Super K (also known as Kiara the Brave in the United States) is a 2011 Indian animated fantasy film written by Vibha Singh and Jaspinder S. Kang and directed by Smita Maroo and Vijay S. Bhanushali, from a story concept by Maroo. The film was produced by Smita Maroo and released by Shemaroo Entertainment.

==Plot==
Dreamzone is a special world in the Galaxy, ruled by the kind-hearted King Maximus with his daughter Princess Kiara. Unknown to him, his brother Dreadmus is plotting to overthrow him. Dreadmus creates Super K, a boy superhero, using the powers of all the Dreamzonians. But a goof-up causes Super K to turn out a freak in Dreadmus's view, unable to control his powers, and he is deserted by Dreadmus, who leaves his minions named Accidentally and Suddenly to take care of Super K. Dreadmus befriends the evil Dr. Ozox, a masked alchemist who has his own sinister plan to take over Dreamzone.
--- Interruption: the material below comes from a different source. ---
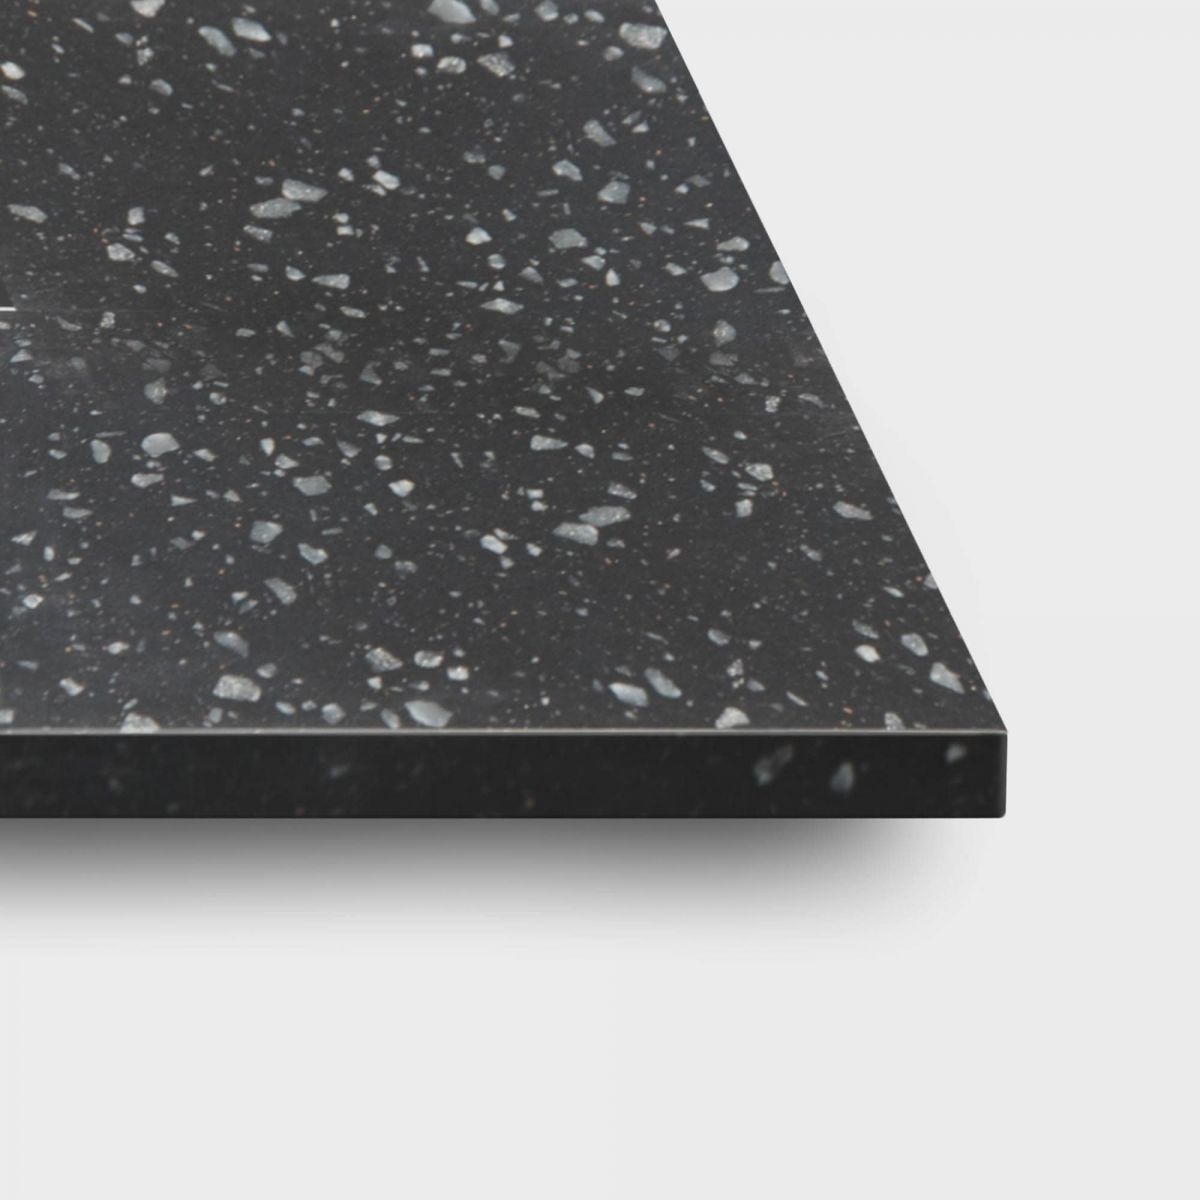 Black Granite - Kordura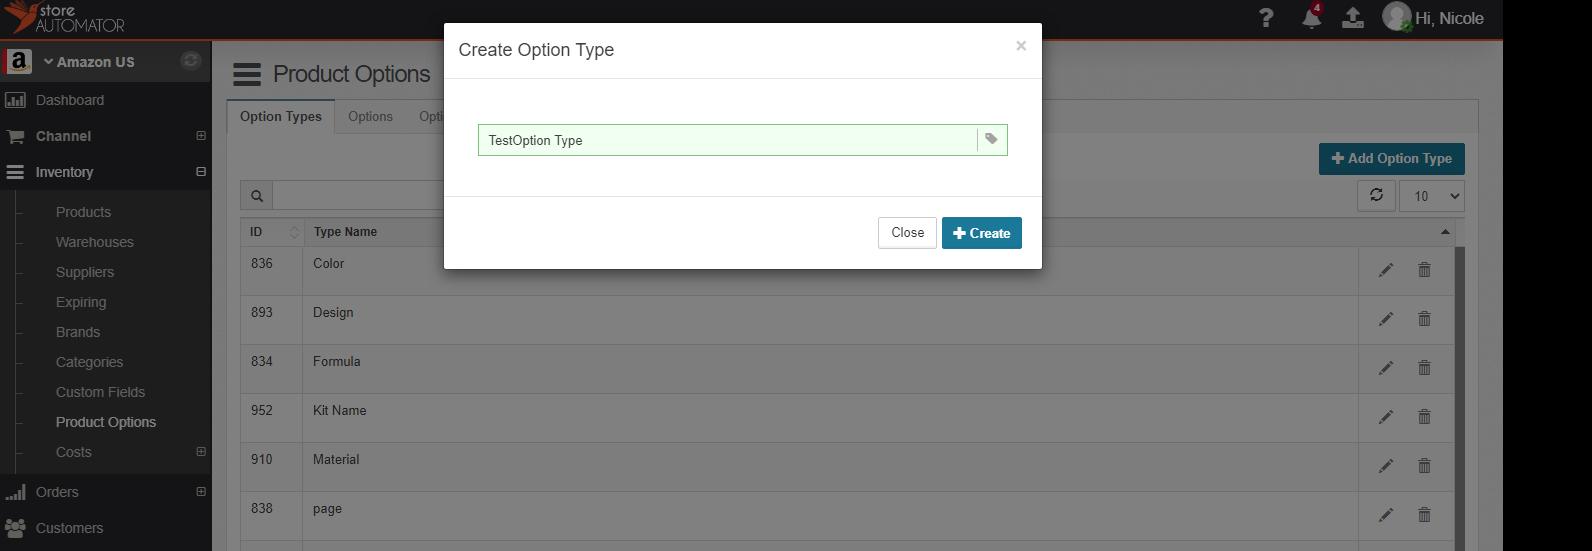 Create Product Option Type

Super K and his friends come together to protect Dreamzone from the evil clutches of Dr. Ozox, but at the same time, Super K has to learn to control his powers.

==Characters==

- Princess Kiara
- Super K
- King Maximus
- Badmess (Dreadmus in the US)
- Accidentally and Suddenly
- Destiny
- Dr. Ozox
- Cyberbaba (Mesmoriser in the US)
- The Sun
- Venus
- Earth
- Mars
- Jupiter
- Saturn

== Release and reception ==
The film was released on Yahoo! Movieplex, a feature of the Yahoo! India web site, as an exclusively online animated feature film. In 2012, it was released directly to video in the United States as Kiara the Brave, with cover art showing only princess Kiara (a secondary female character with red hair). This was considered by many to be an obvious attempt to remind consumers of the female, red-headed protagonist of Brave, a Pixar Animation Studios film set in medieval Scotland.
Upon release, the film was panned by critics.